- Developer: Playtika
- Publisher: Playtika
- Platforms: Facebook, iOS, iPadOS, Android, Kindle, Windows
- Release: August 2012
- Genre: Social network game

= Bingo Blitz =

2012 video game

Bingo Blitz is a freemium online board and card game released by Playtika in August 2012. It is available for Facebook, iOS, Android, and Microsoft Windows.

== History ==
Bingo Blitz was initially developed for Facebook in 2010 in Santa Monica, California by Buffalo Studios. By 2011, Bingo Blitz had over 1 million active monthly players, and was the top rated online bingo game on Facebook and one of the top 10 most popular games on Facebook. Buffalo Studios was acquired by Caesars Entertainment in 2011, for nearly $100 million. Caesars Entertainment, which purchased Playtika in 2011, moved the game to be managed by Playtika in 2012 and it was published on IOS and Android. In 2014, Bingo Blitz entered Facebook's Hall of Fame Games.

Bingo Blitz is one of the 100 top-grossing mobile games on Apple and Android devices, and as of 2021, Bingo Blitz was the top-grossing board game app in the United States on the App Store and Google Play.

== Gameplay ==
In the game, each player picks a virtual room, and the play passes through multiple cities around the world. Players compete in an online bingo match when each game combines cases and stories related to the country in which players are located. To start playing you will need to choose a city in which you want to play (doesn't have to be your location) and then you will be entered into a bingo room in that city. The bingo cards at Bingo Blitz are made up of 24 random numbers across five rows and columns. When the game begins you need to keep an eye out for your numbers to appear so you can cross them off your card. To call bingo depends on what the winning pattern is for that particular round.

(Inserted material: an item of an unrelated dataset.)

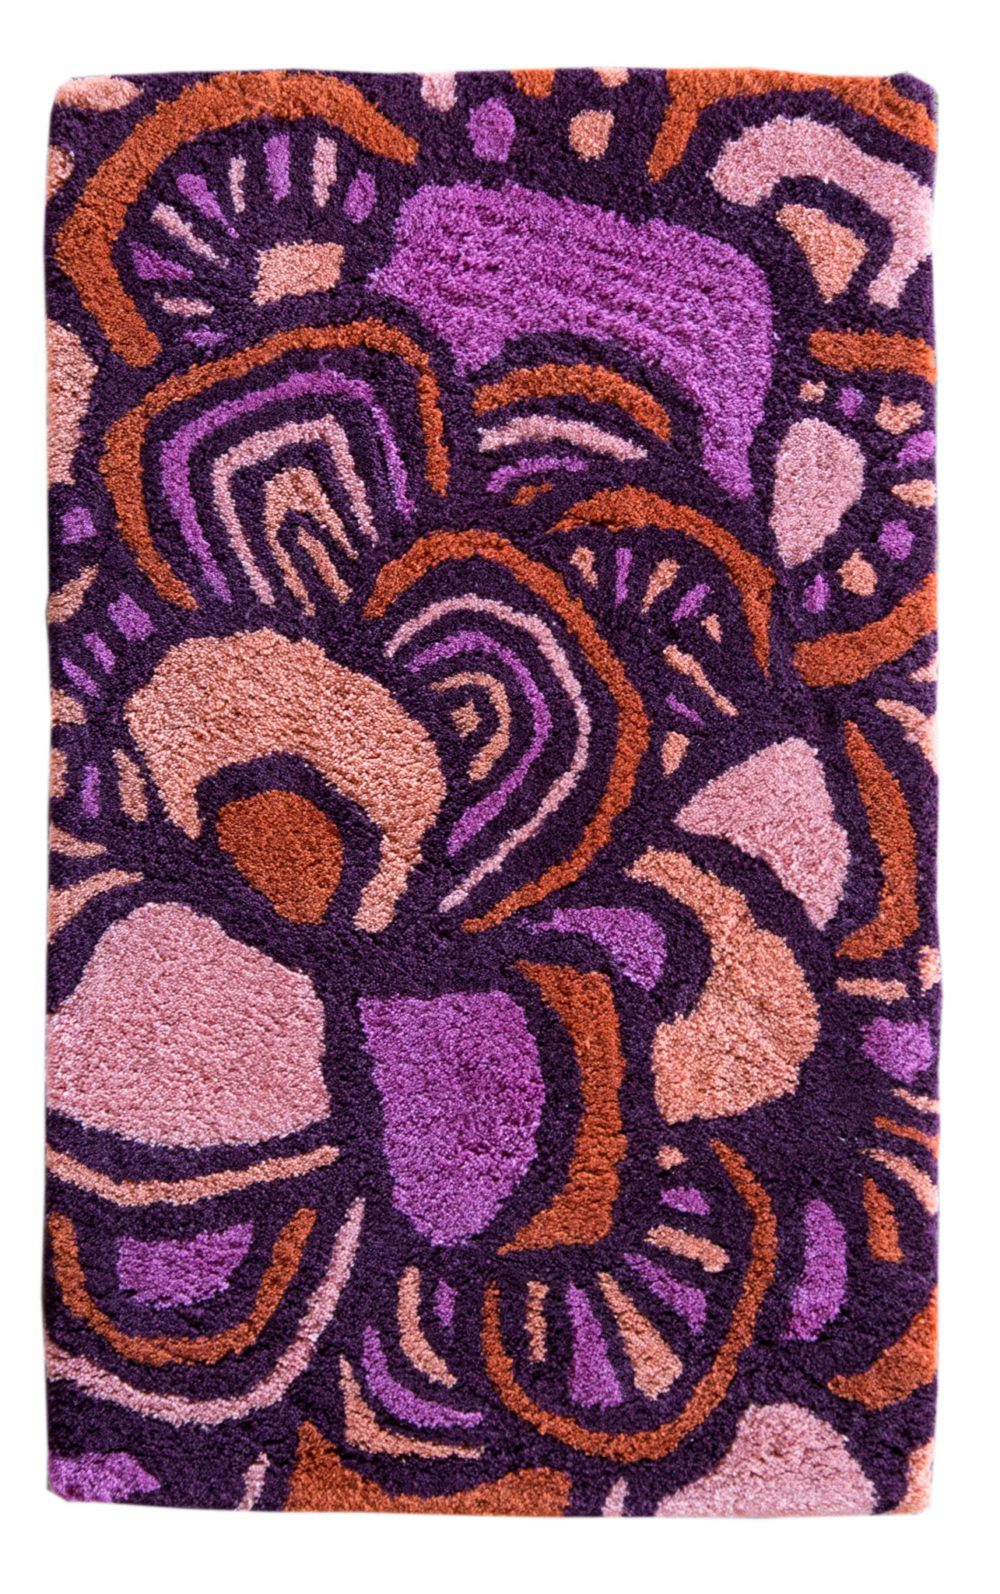 Image result for handmade rugs

The winning patterns in the game are a vertical, horizontal or a diagonal line, or all four corners. Bingo Blitz contains Power-Ups that help you reach a bingo. The cards also contain Bonus Squares that award you with additional in-game prizes when you manage to mark them off. A full game of Bingo Blitz could have anywhere between 10 and 15 rounds. The players need to use credits to buy more than one bingo card per round to amp up their chances of getting bingo. Generally the type of bingo on offer is the classic 75-ball bingo, but there are other types that crop up with the changing seasons.

=== Game rooms and events ===
Map rooms are the main rooms, in which players travel across cities on the world map and play online bingo matches, where they can earn various elements. Once the players combine all of the required elements that are related to that city, they move on to the next city. Additionally, there are seasonal rooms that change theme every other week. Every week, Bingo Blitz creates a different event that usually relates to holidays or special occasions, allowing players to collect special elements.

== Donations ==
In April 2020, Bingo Blitz donated one million meals for people affected by the COVID-19 pandemic in the United States. The meals were provided by the charity Feeding America. 10 meals were donated for every virtual meal prepared by Bingo Blitz players through playing the game.

== Game show ==

In December 2024, Game Show Network announced that Valerie Bertinelli would host a new game show based on the popular mobile game, which premiered on April 14, 2025.